Esta crítica faz parte da cobertura do 8ª Olhar de Cinema- Festival Internacional de Curitiba, que ocorre entre 5 e 13 de junho na cidade. 

São muitos os documentários já realizados sobre as movimentações políticas no Brasil após as jornadas de junho de 2013 e nem sempre eles primam pela forma. O que comprova, também, que um bom documentário não necessariamente se faz do seu tema ou objeto, mas também da linguagem utilizada para a abordá-los.

Nesse aspecto Espero Tua (Re)volta se destaca. Ele aborda o movimentos estudantis que se intensificaram em 2015 no estado de São Paulo, quando estudantes secundaristas ocuparam suas escolas, lutando para impedir o fechamento delas, chamado eufemisticamente de “reorganização” pelo então governador Geraldo Alckmin, do PSDB. Mas, quando sobem os crédito, aparece o texto “filme criado por Eliza Capai”: ou seja, embora tradicionalmente se chame esse processo de criação de “direção” não é essa a abordagem utilizada aqui.

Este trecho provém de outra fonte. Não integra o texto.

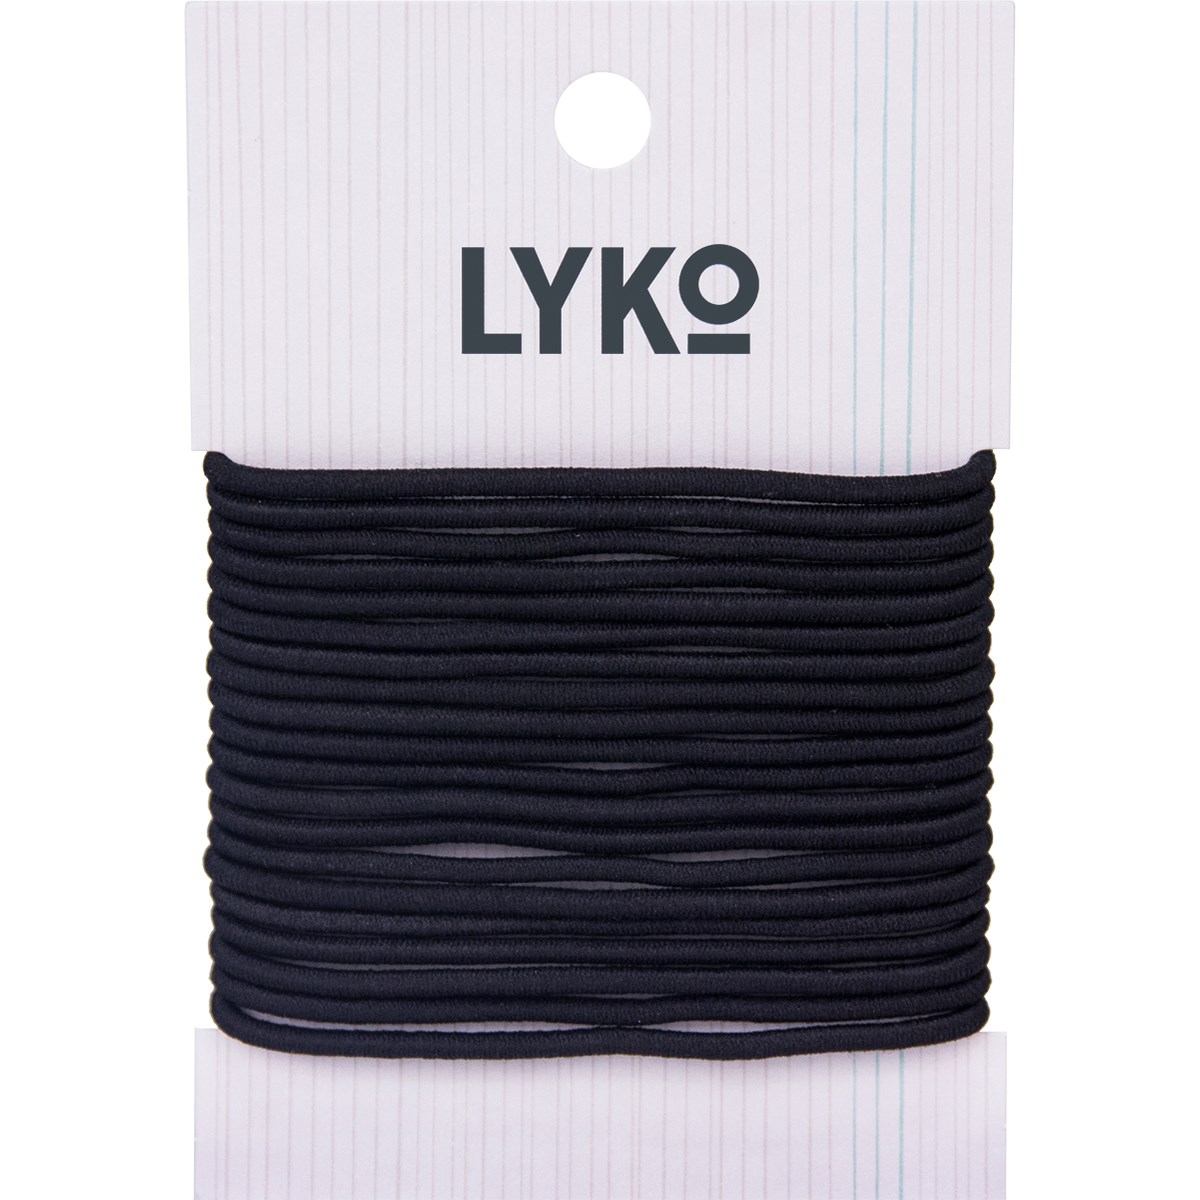 By Lyko Hair Tie 20-Pack Black

A chave está na sequência, quando se lê “escrito, vivenciado e narrado por Lucas ‘Koka’ Penteado, Marcela Jesus e Nayara Souza”. Capai, que também é uma das pessoas responsáveis pela montagem, se vale da vivência desses três jovens, que participaram dos movimentos estudantis, para que relatem o que aconteceu, sendo os narradores do filme. E é seguindo o fluxo de pensamento deles, com suas elipses e parênteses, que ela cria um documentário vigoroso, com um ritmo dinâmico e uma linguagem contemporânea, capaz de dialogar facilmente com a plateia, apresentando as ações pelos próprios atores delas.

Ao dar voz para os adolescentes, ela também permite que suas motivações e a lógica com que enxergam os acontecimentos nos dias de hoje sejam explicitados, mesmo que para isso seja necessário voltar para as manifestações de 2013 contra o aumento das tarifas de ônibus em São Paulo, organizadas pelo Movimento Passe Livre (MPL) ou revisar o golpe de 2016 (ainda que, como eles mesmos dizem, esse seja outro filme). Com isso se discute não só o direto à educação, mas o direito de circulação, o direito à cidade e à moradia. Trata-se de um clara criação coletiva, que ganha em dar espaço para essas vozes ao invés de tentar adequar suas experiências a uma narrativa convencional, moldada pelos adultos responsáveis pela obra.

Com crítica e auto-crítica, eles analisam como o discurso de apartidarismo gerou um vácuo de poder que levou à eleição de Bolsonaro em 2018. Mas também são a mostra do que é descobrir por si mesmos como funciona se articular politicamente, já que isso não é ensinado na escola, e como fazê-lo de maneira organizada e institucionalizada ou não, com ou sem lideranças, abrindo espaço, mesmo em um tempo tão curto, para deixar um legado, liberando passagem para os mais novos.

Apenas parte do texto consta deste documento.